Saudi Foreign Minister Prince Faisal bin Farhan stressed “the kingdom’s keenness on the security, stability and prosperity of Tunisia”, during a phone call with his Tunisian counterpart.
A spokeswoman for the foreign ministry, Maria Adebahr, told reporters that Germany hoped Tunisia would return “as soon as possible to constitutional order”.
“Democracy has taken roots in Tunisia since 2011”, Adebahr said, referring to the year of the popular revolution that toppled Zine El Abidine Ben Ali.
Germany was “very worried”, she said, adding, however: “We don’t want to speak of a coup d’etat.”
“It is important to return to constitutional order as quickly as possible,” Adebahr said.
“We will certainly try to discuss (the situation) with the Tunisian ambassador in Berlin, and our ambassador in Tunis is ready to engage in discussions.”
The United Nations
The United Nations called on all parties in Tunisia “to exercise restraint, refrain from violence and ensure that the situation remains calm”.
“All disputes and disagreements should be resolved through dialogue,” UN spokesperson Farhan Haq said.
Haq declined to comment on whether the United Nations viewed the situation in Tunisia as a coup or not.
Human rights group Amnesty International urged Saied to “publicly commit to respecting and protecting human rights, including the rights to freedom of expression, association and peaceful assembly”.
It also denounced as “outrageous” Monday’s forced closure of television network Al Jazeera’s Tunis bureau, calling it a “deeply worrying precedent signalling that human rights are in danger”.
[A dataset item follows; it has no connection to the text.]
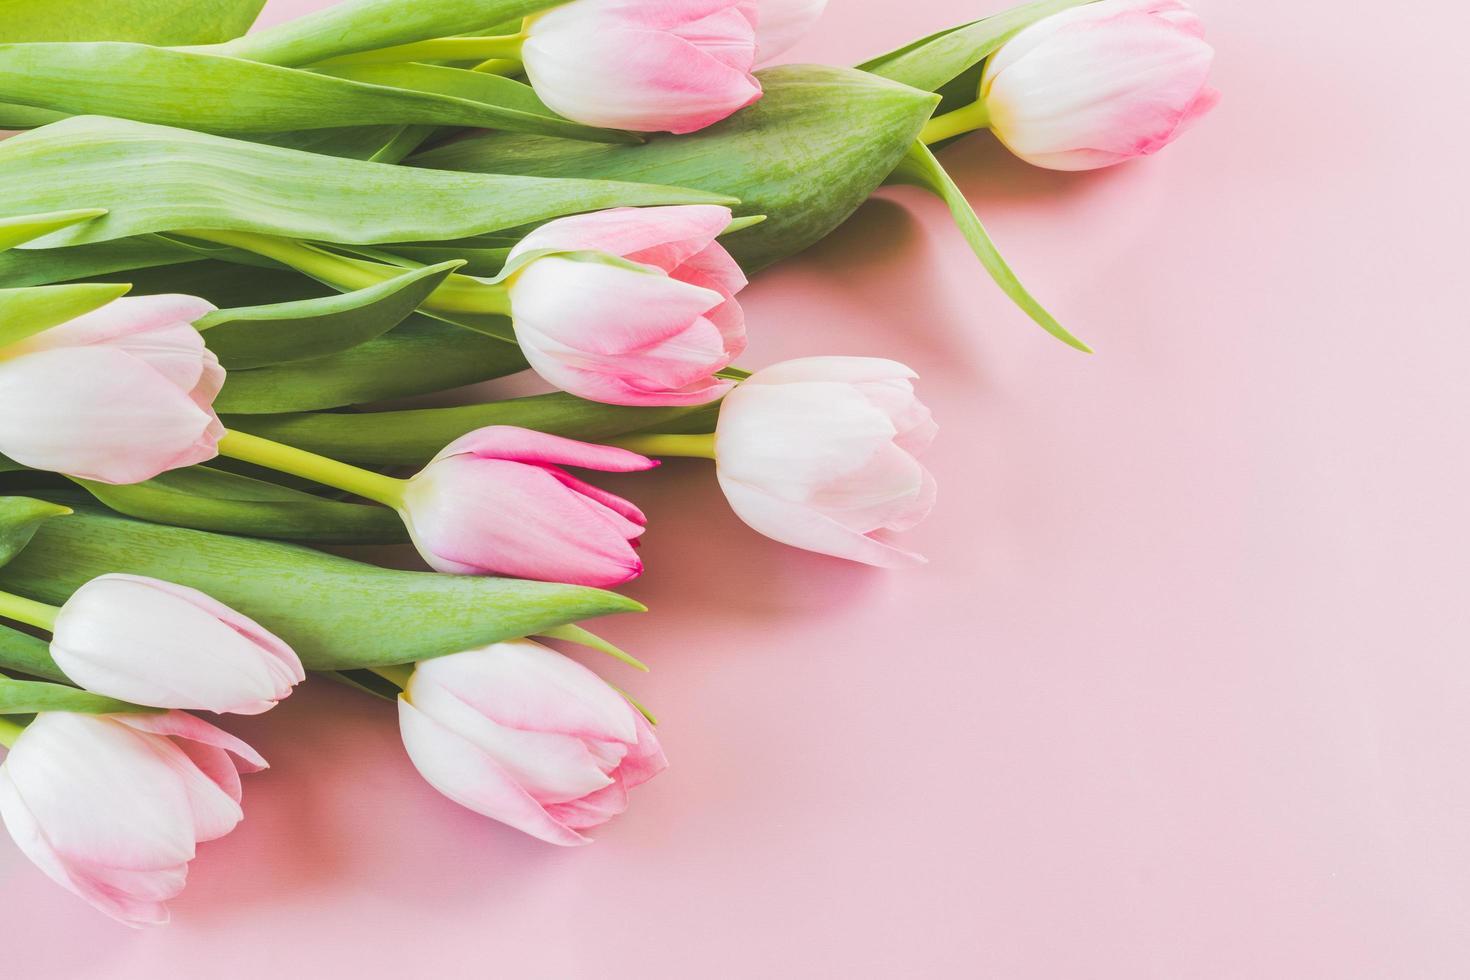 tulipes roses sur fond rose photo

The European Union urged all political actors in Tunisia to respect the country’s constitution and avoid violence.
“We are closely following the latest developments in Tunisia,” a spokeswoman for the European Commission said.
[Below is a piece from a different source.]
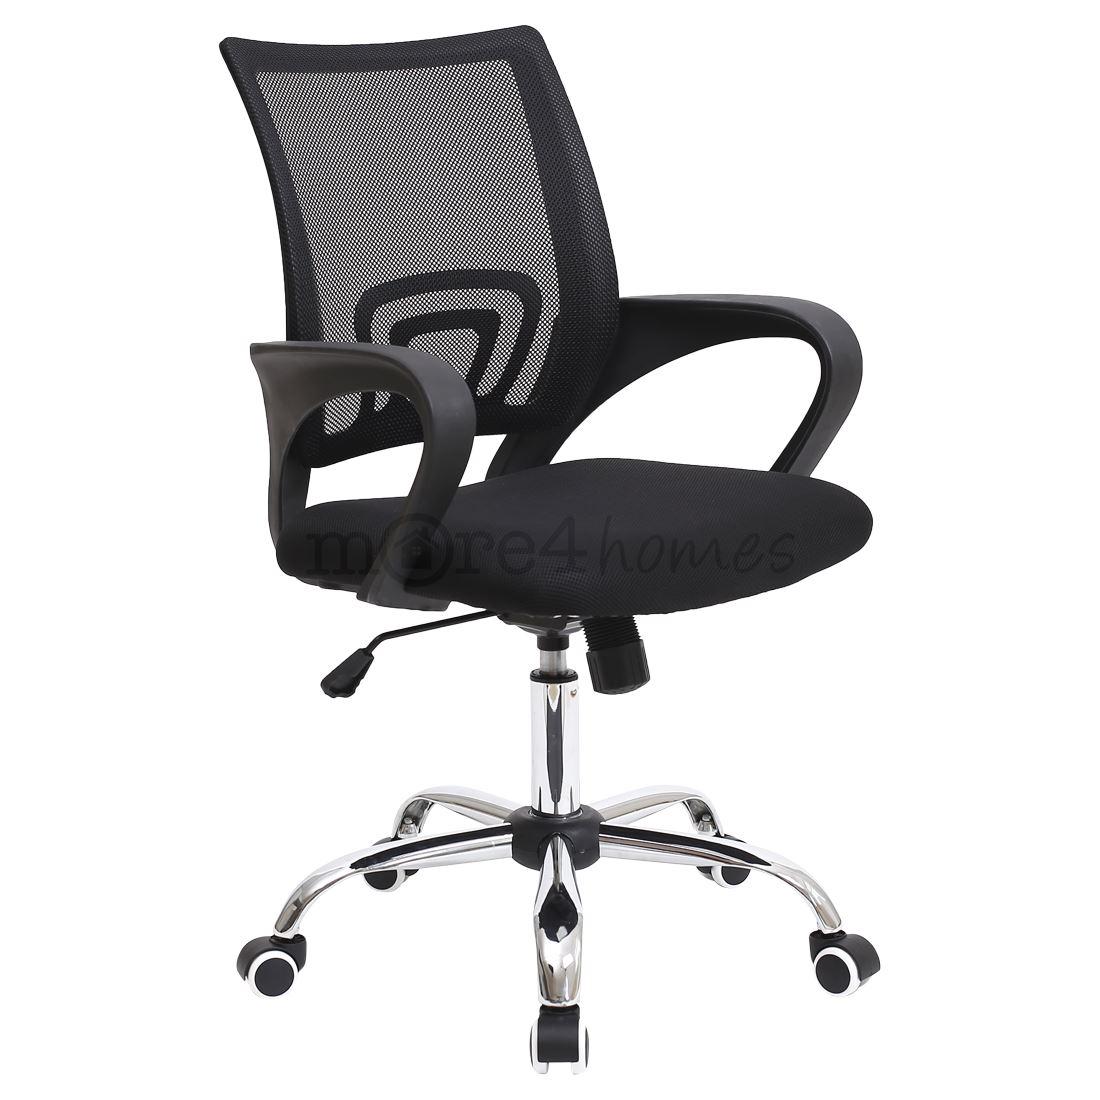 chair hr leather office high with mesh back headrest arlanda

“We call on all Tunisian actors to respect the Constitution, its institutions and the rule of law. We also call on them to remain calm and to avoid any resort to violence in order to preserve the stability of the country,” she said.
Kremlin spokesman Dmitri Peskov, in brief comments, said Russia was monitoring developments in Tunisia.
“We hope that nothing will threaten the stability and security of the people of that country,” he told reporters at a daily phone briefing.
The International Monetary Fund stands ready to continue to help Tunisia cope with the impact of the COVID-19 crisis, achieve a “job-rich” recovery and restore finances to a sustainable footing, a spokesperson said on Monday.
“We are closely monitoring the evolving situation in Tunisia,” the spokesperson said.
“Tunisia continues to face extraordinary socio-economic pressures, including as a result of the COVID-19 pandemic, which is causing tragic loss of life, and Tunisian’s unmet aspirations for higher, job-rich, and inclusive growth.”
The North African country is seeking a three-year $4-billion loan to help stabilise its balance of payments position after its current account deficit widened to 7.1 percent of GDP last year.